One week later, I told my situation to a fellow practitioner, who said, "You asked for the itch. No matter what ordinary people say, your mind should not be moved. Let them look. What are you afraid of?" I felt that the fellow practitioner's words made sense. I had not acted correctly; I had paid too much attention to my image and to how ordinary people look at me. With these attachments, I had been moved by ordinary people's mentalities, which had made things worse.
I went onto the Minghui website to read fellow practitioners' articles. I noticed that a practitioner cited a part of Master's Fa,
"Once you upgrade your xinxing, your body will undergo a great change. Upon xinxing improvement, the matter in your body is guaranteed to transform." ("Lecture One," Zhuan Falun)

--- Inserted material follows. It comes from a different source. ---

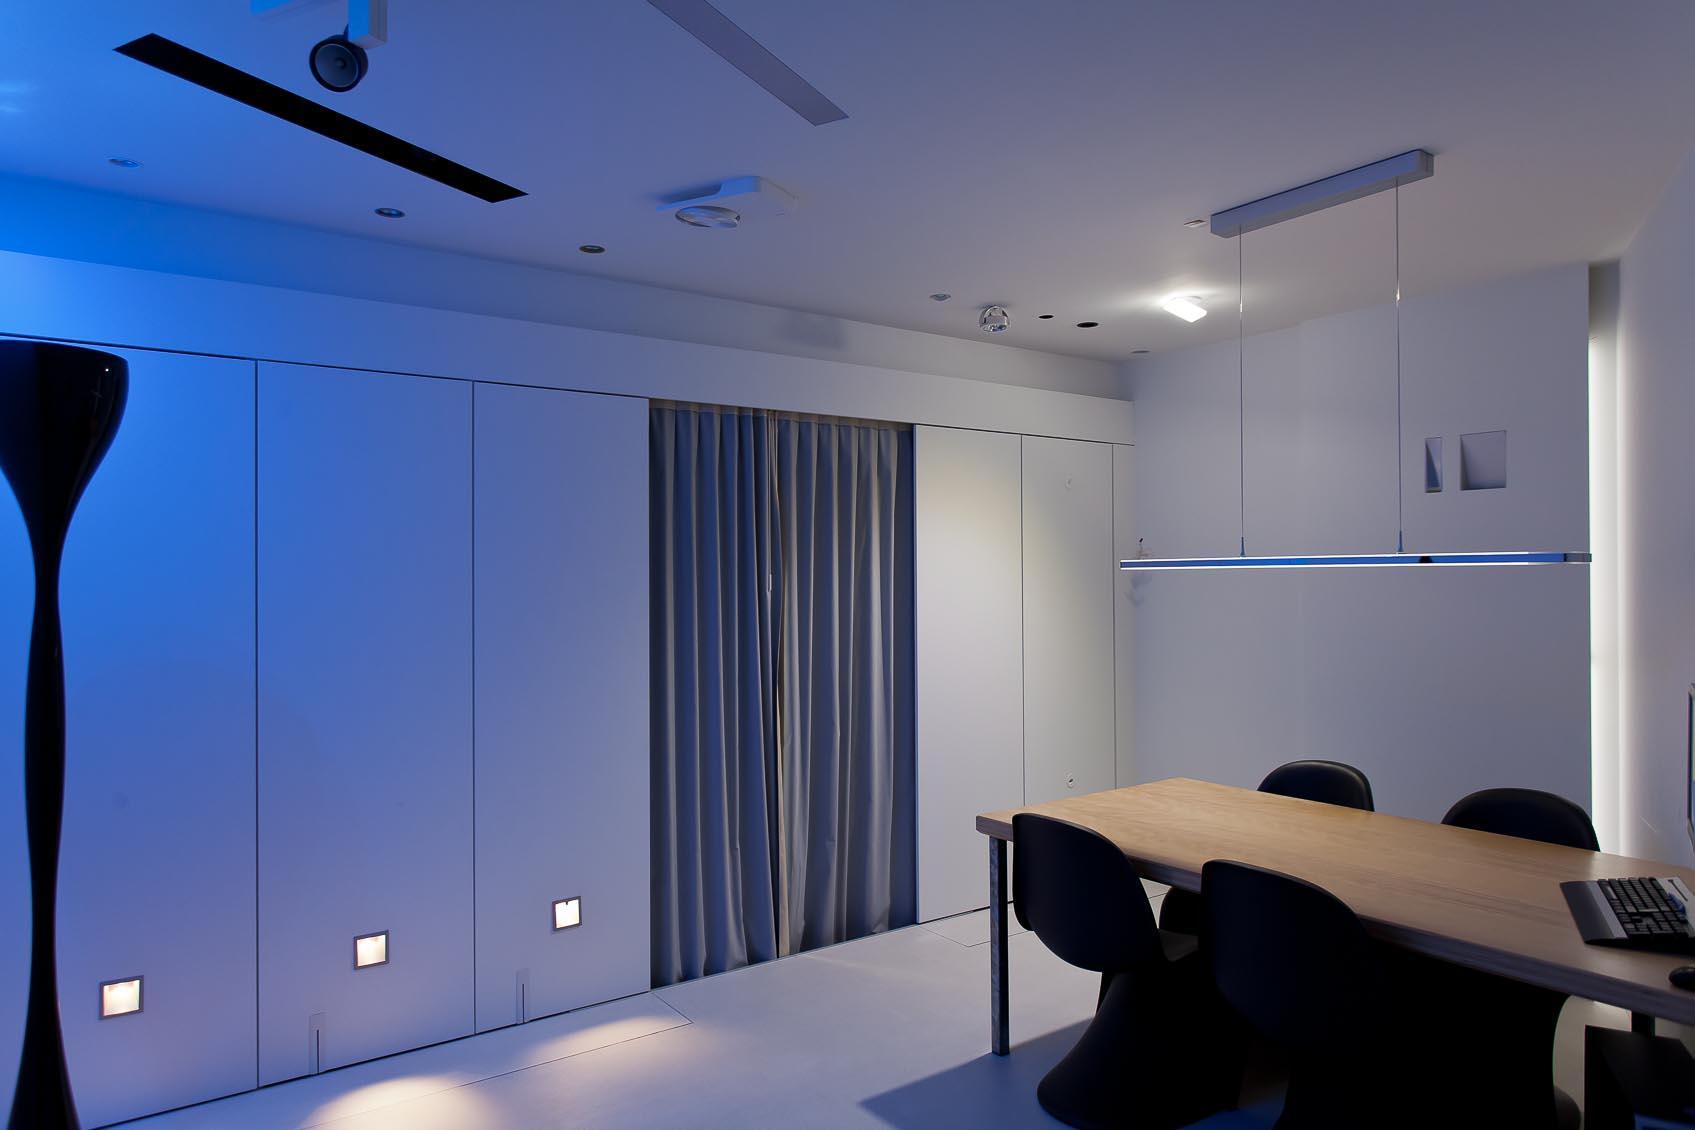 Beleef interieurverlichting in onze design lichtstudio1

Reading this I realized that it was time for me to improve my xinxing. I calmed down and studied the Fa intensively. I realized that there is nothing accidental on a Dafa practitioner's cultivation path and everything is related to cultivation.
Master told us that all the things that a cultivator encounters are good things. Why had I taken it as something bad? I had been using my human mentality to look at things. I also understood that I had already dropped to the level of ordinary people in this very aspect that I had been attached to. What had been stirred up were my human attachments, which were to be eliminated during cultivation. Master said,
"and it is precisely your managing to eliminate those attachments rooted in your human thinking as you cultivate that counts as important." ("Fa Teaching Given in Manhattan")
I came to understand that we should achieve the state, as Master has told us, that we take all praise and all tribulations as tests. We are Fa-rectification period Dafa disciples and should always keep a compassionate mind as compassion is the power of righteous gods. When one always keeps a compassionate mind, one's righteous thoughts will naturally be strong, so one will not stray from the Fa, will be less likely to take detours in cultivation, and will be able to break through any barriers. While studying the Fa, I forgot the things that covered my body. Four or five days later, after taking a bath, I was surprised to find that my skin was as smooth and shiny as ever.
"...since as cultivators you know that everything you do in society right now, including in your own personal life, falls within the realm of cultivation, then even more so should you take seriously everything that unfolds around you, and take more seriously this formless form of cultivation that you do."
"Then it becomes a matter of Dafa disciples figuring out how to best utilize this form that we have, and that is what amounts to walking this cultivation path well." ("Fa Teaching Given in Manhattan")
Let's alert each other, keep strong righteous thoughts, and use our righteous thoughts in everything that has happened around us.